Information provided |
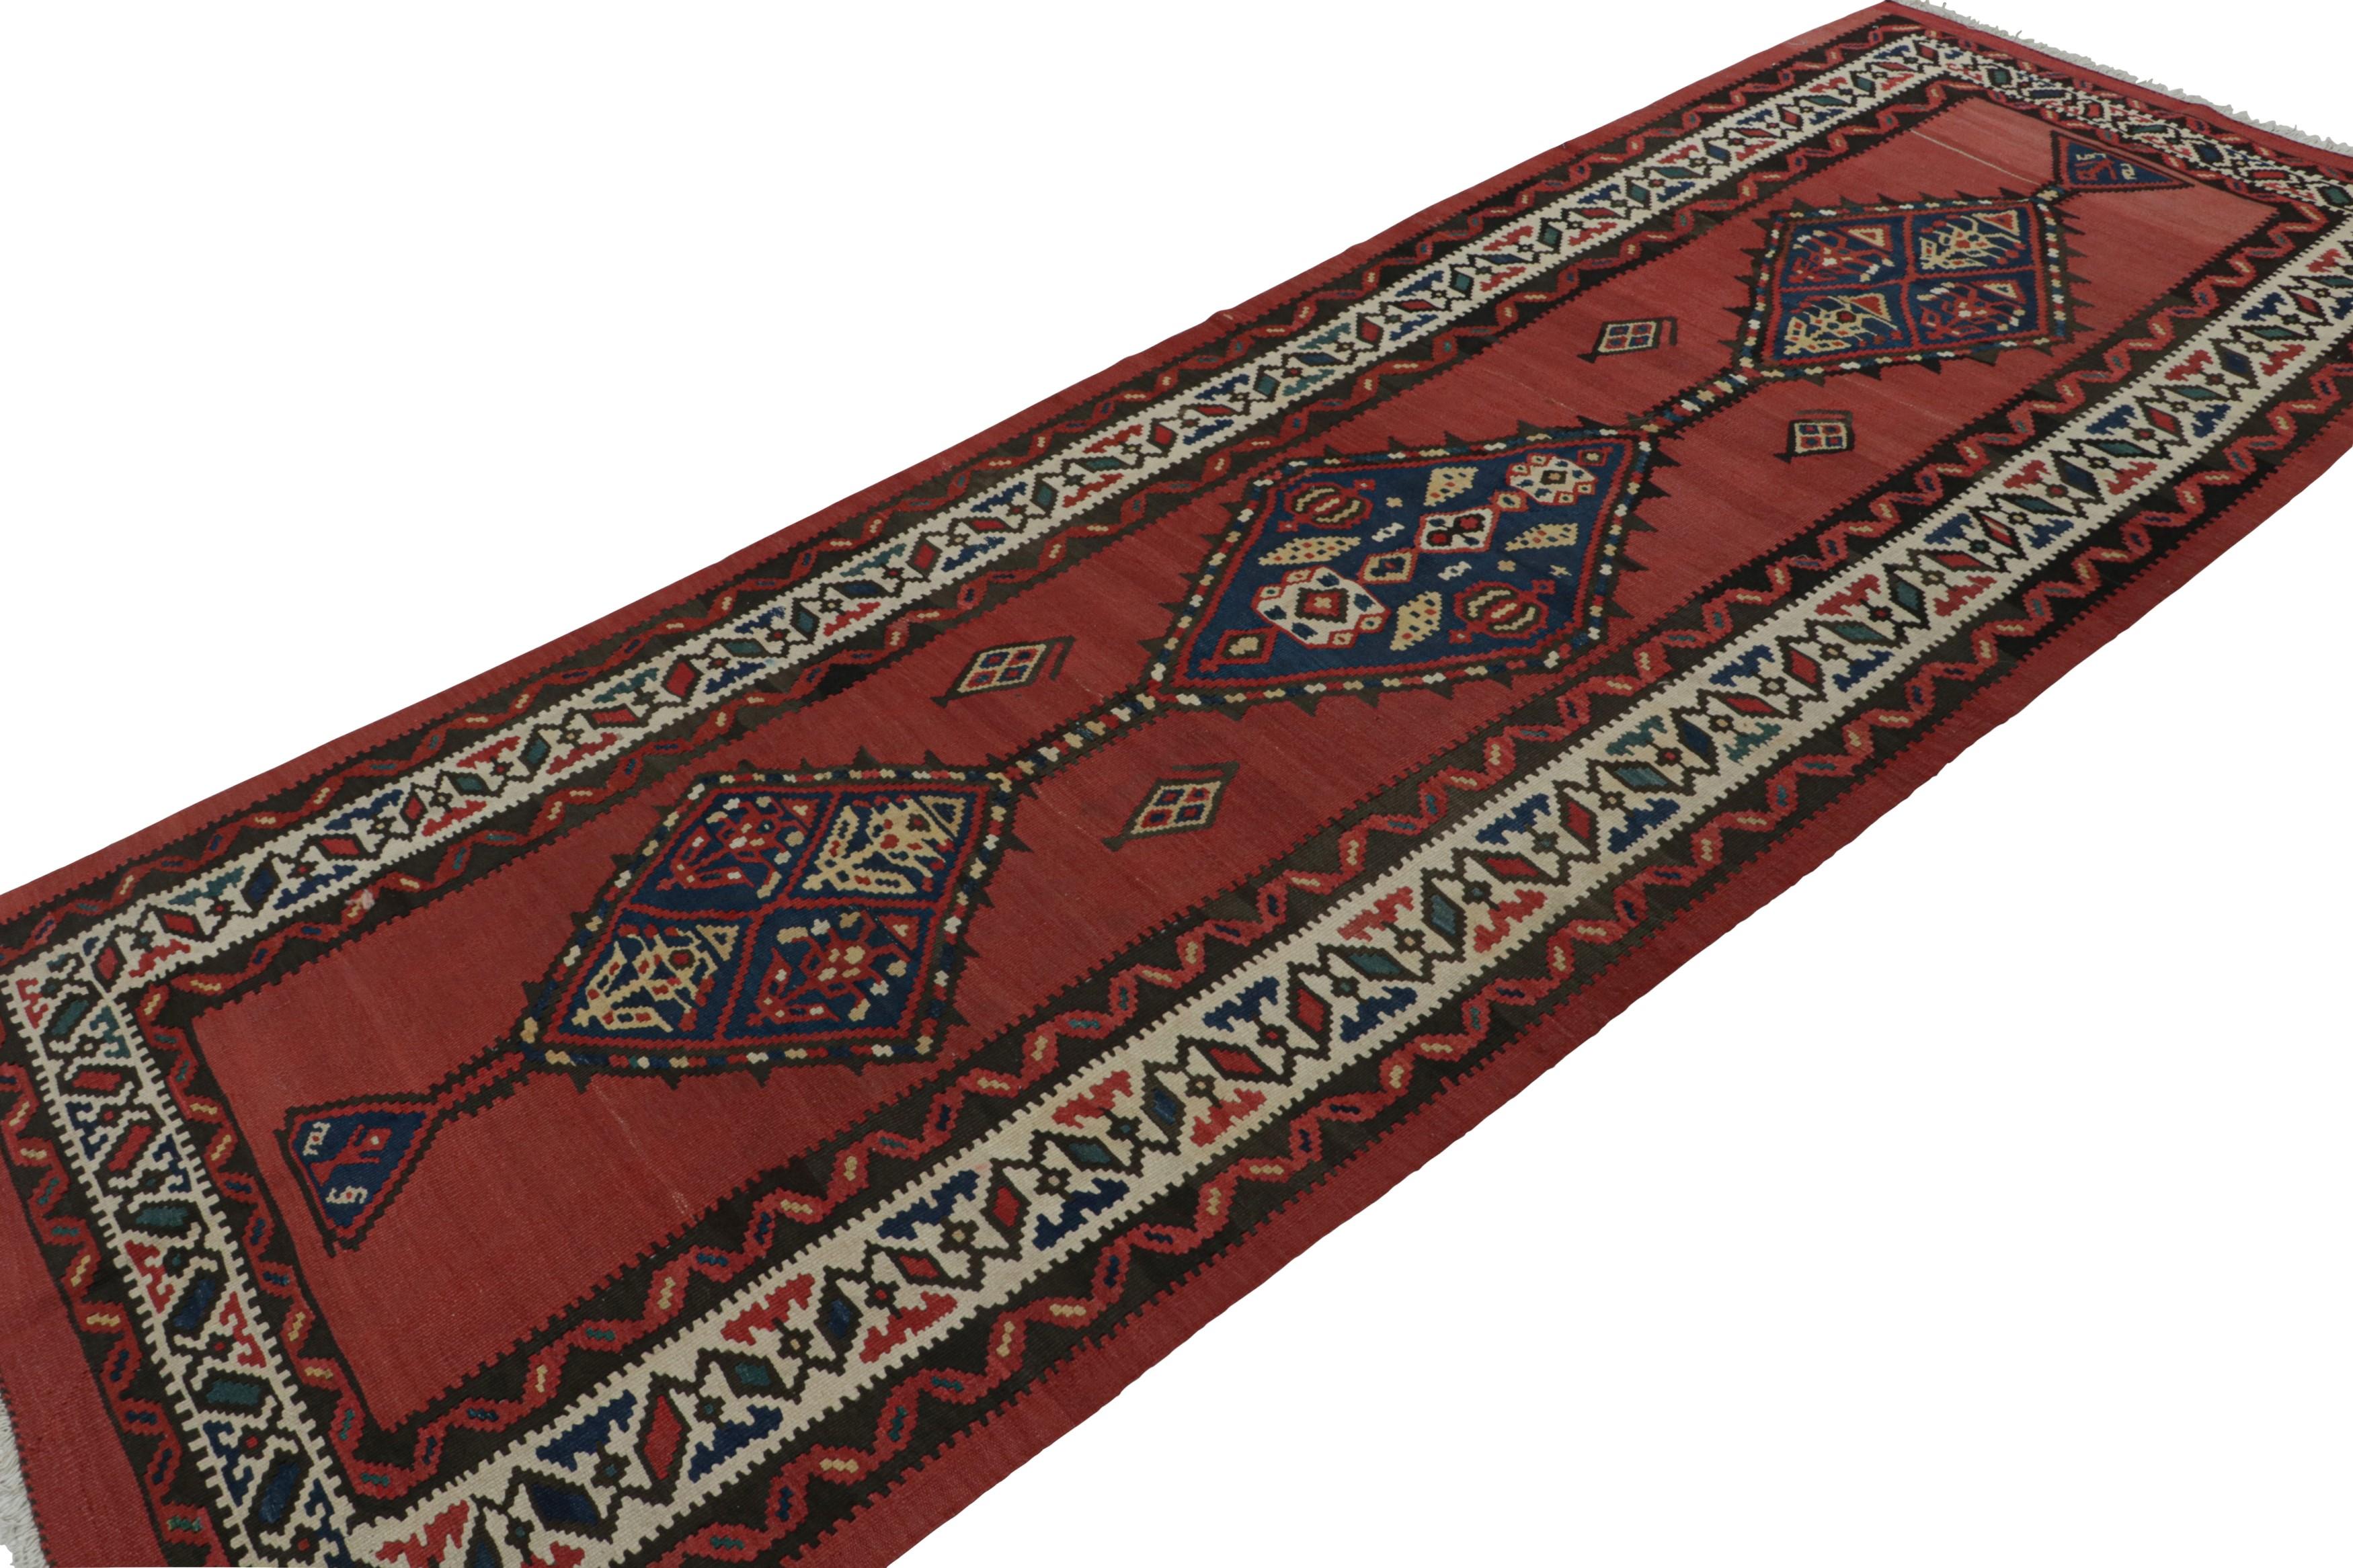 Dieser handgewebte Wollteppich (ca. 1950-1960) im Format 5 x 12 cm aus einem persischen Stammes-Kilim zeichnet sich durch detaillierte geometrische Muster in Beige/Braun und Blau in den Bordüren und Medaillons sowie durch ein sattes rotes Feld aus.
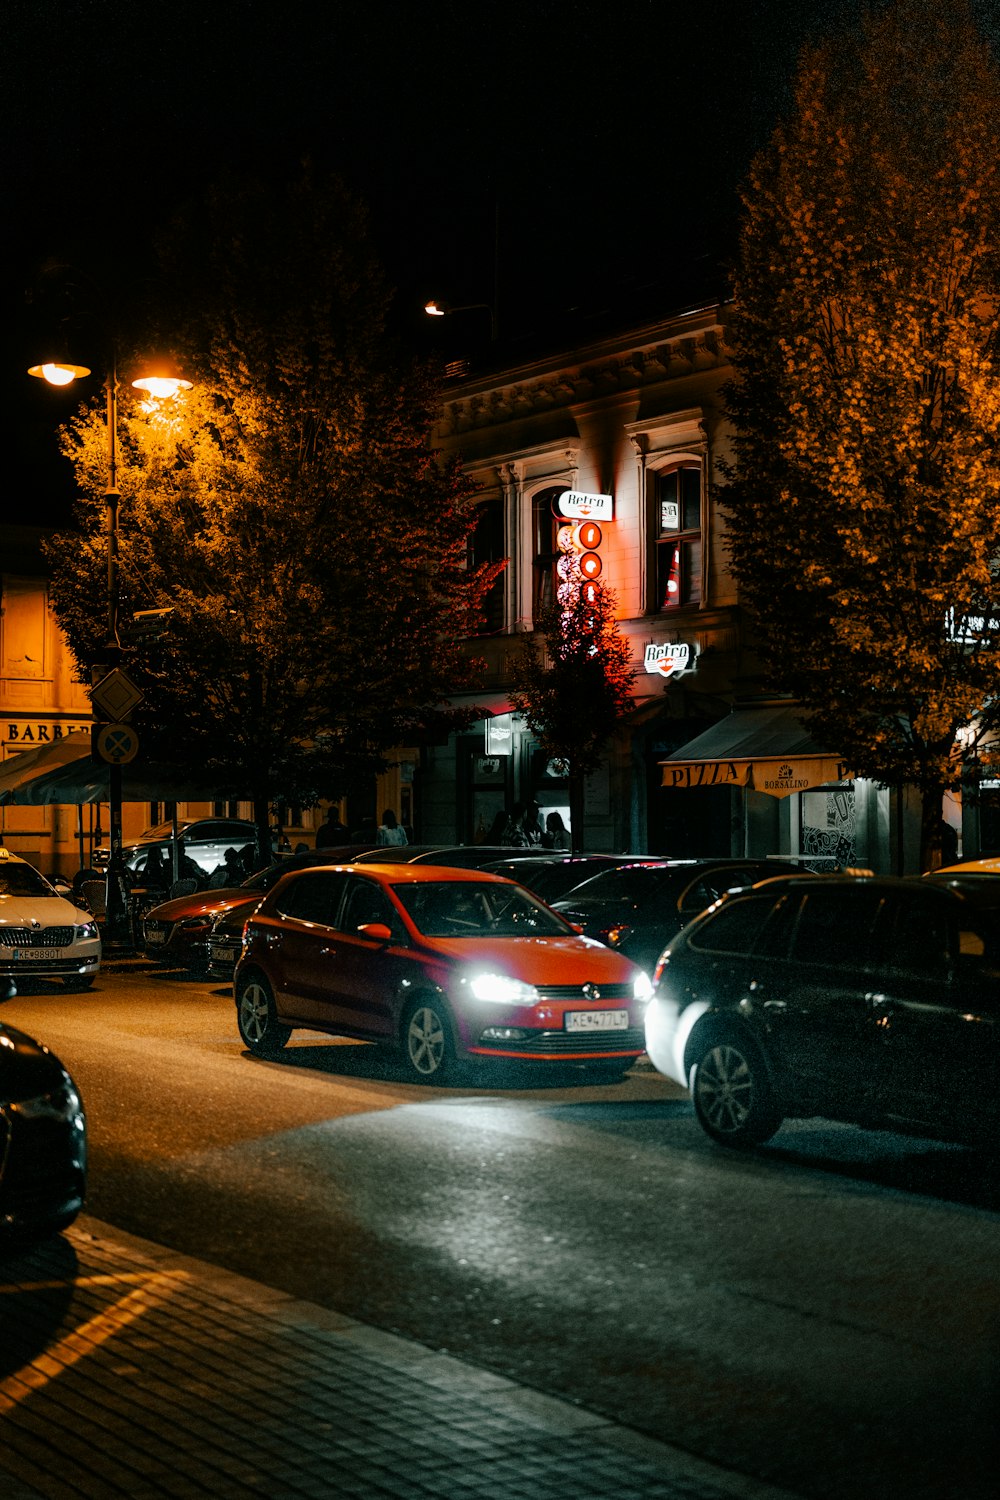 Una strada cittadina di notte con le auto parcheggiate sul ciglio della strada
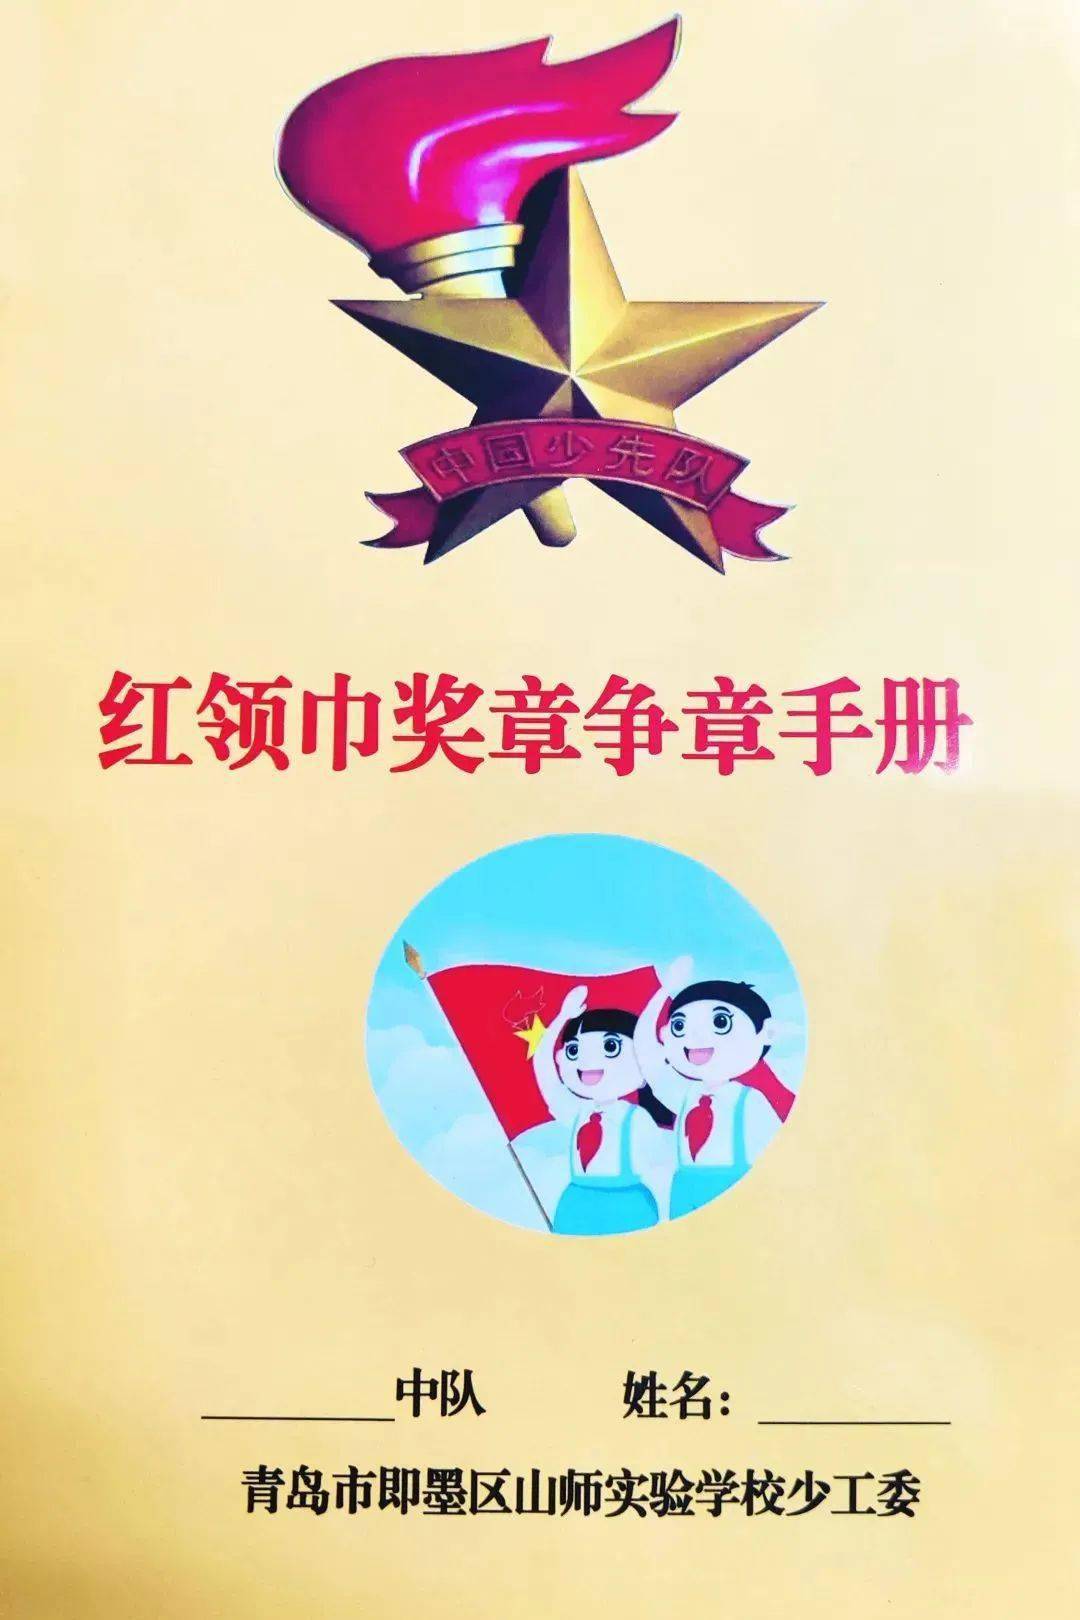 红领巾争章活动封面图片

Activity |
Pictures must not appear in the copy, which must otherwise match the listing exactly.

Task output |
 Dieser handgewebte Wollteppich (ca. 1950-1960) im Format 5 x 12 cm aus einem persischen Stammes-Kilim zeichnet sich durch detaillierte geometrische Muster in Beige/Braun und Blau in den Bordüren und Medaillons sowie durch ein sattes rotes Feld aus.
 Una strada cittadina di notte con le auto parcheggiate sul ciglio della strada
 红领巾争章活动封面图片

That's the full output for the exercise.